Он направился к двери. В коридоре наклонился, затем выпрямился, обернулся к ним – и выплеснул в комнату:
– Собака!
– Ой, собачка!
Настоящая собака застучала когтями по полу. Замахала хвостом. Подбегала, знакомясь, ко всем по очереди. Пробовала языком протянутые руки. Небольшая, но и не совсем маленькая, а в самый раз. Беленькая, половина морды рыжая, а половина – черная.
Даже тетя Вера выглянула на шум. Веки у нее были розоватыми.
– Что это? Откуда? – спросила она в нос.
– Этот песик теперь ваш, – подтвердил дядя Яша. – Самый что ни на есть живой и настоящий.
С этим трудно было поспорить. За собакой так и стелился переполох.
– Не так скучно без меня будет, – добавил дядя. Подошел к жене. – Ты бы видела, какой там хаос, с этой эвакуацией. Сутками ждут на вокзале. Поезда берут штурмом. Все что-то тащат. Все что-то бросают – прямо на вокзале. Матрасы, корыта, узлы. Вон собаку даже кто-то бросил.
Таня видела: тетя Вера двигалась медленно и странно. Как будто у нее внутри разбилась большая тяжелая ваза, и тетя старалась, чтобы не сдвинулись острые осколки.
– До Ленинграда немцы точно не дойдут, – сказал дядя Яша, беря ее за руку. – Оставаться в городе намного безопаснее.
– А как его зовут?! – весело крикнула Таня, теребя их нового друга.
Пес лаял так звонко, что она сама себя едва слышала.
– Бублик! – крикнул Бобка. – Бублик.
Хвост у собаки действительно был похож на белый бублик.
– Смотри, он понял! Бублик! Бублик!
– А ну-ка!
– Бублик!
– Догоняй!
Бублик понесся за всеми троими сразу. Загремели стулья. Комната завертелась каруселью. Только тетя и дядя сидели неподвижно. И мишка глядел на них своими разными глазами.
– Пора, – сказал дядя.
Тетя кивнула. Обняла его. И словно забыла убрать руки.
– Ничего, ничего, – погладил ее по волосам, по спине дядя. – Мы все правильно сделали.
Дети визжали, Бублик скакал и лаял. Дядя Яша закинул за спину мешок.
– Дети! – встрепенулась тетя Вера.
– Да пусть играют, – тихо сказал дядя. – Это же ненадолго.

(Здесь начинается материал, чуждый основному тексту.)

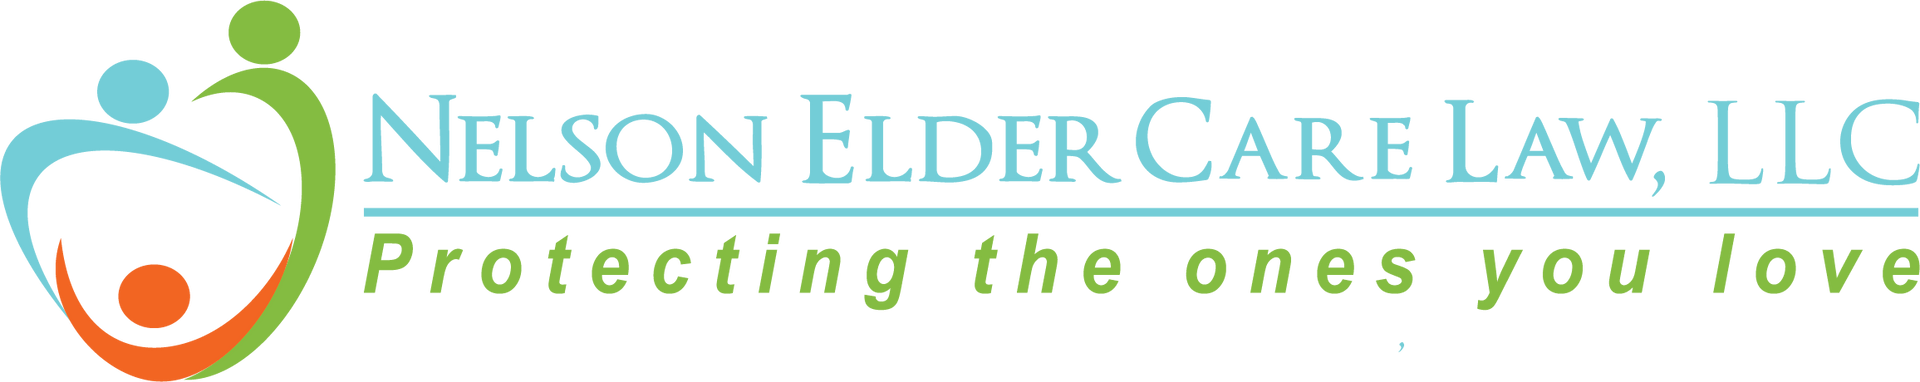 Nelson Elder Care Law, LLC Logo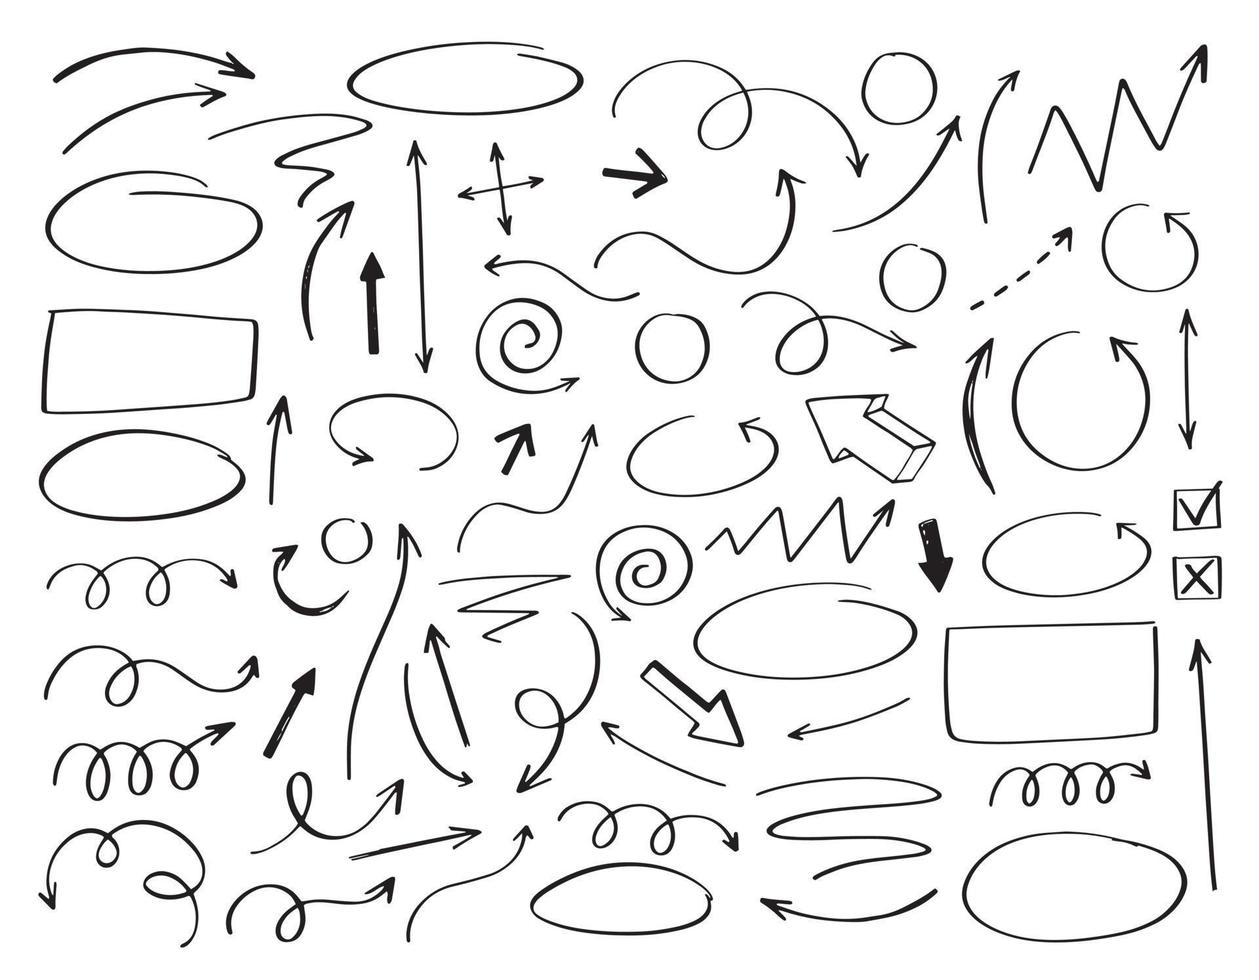 doodle frecce vettoriali ed elementi di design. insieme disegnato a mano di icone, cornici, bordi, frecce in stile cartone animato. elementi per infografica.

Тетя Вера странно посмотрела на него.
А Бублик все лаял и лаял. Видно, пел от радости.
Никто не слышал, как дверь затворилась.
– Он понял! Смотри! Он понял! – вопила Таня.
Она опять подняла ногу. Бублик перемахнул через нее одним прыжком и залился ликующим лаем.
– Теперь я, – задрал ногу Шурка.
Бублик сиганул, приземлился на все четыре лапы и завертелся волчком, его розовый язык трепетал как флаг.
– Ах ты молодец! А через руку?
– Он не Бублик! Он профессор! Профессор!
– Нет, это имя ему не нравится.
– Бублик! Сюда, сюда!
Бублика тормошили, трепали, ласкали.
– Бобкина очередь!
Бобка поднял ногу.
Бублик, стуча когтями на холостом ходу, круто развернулся и полетел к препятствию.
– Дядя Яша, смотри! – крикнула Таня. Обернулась. Потом в другую сторону, назад. Никого.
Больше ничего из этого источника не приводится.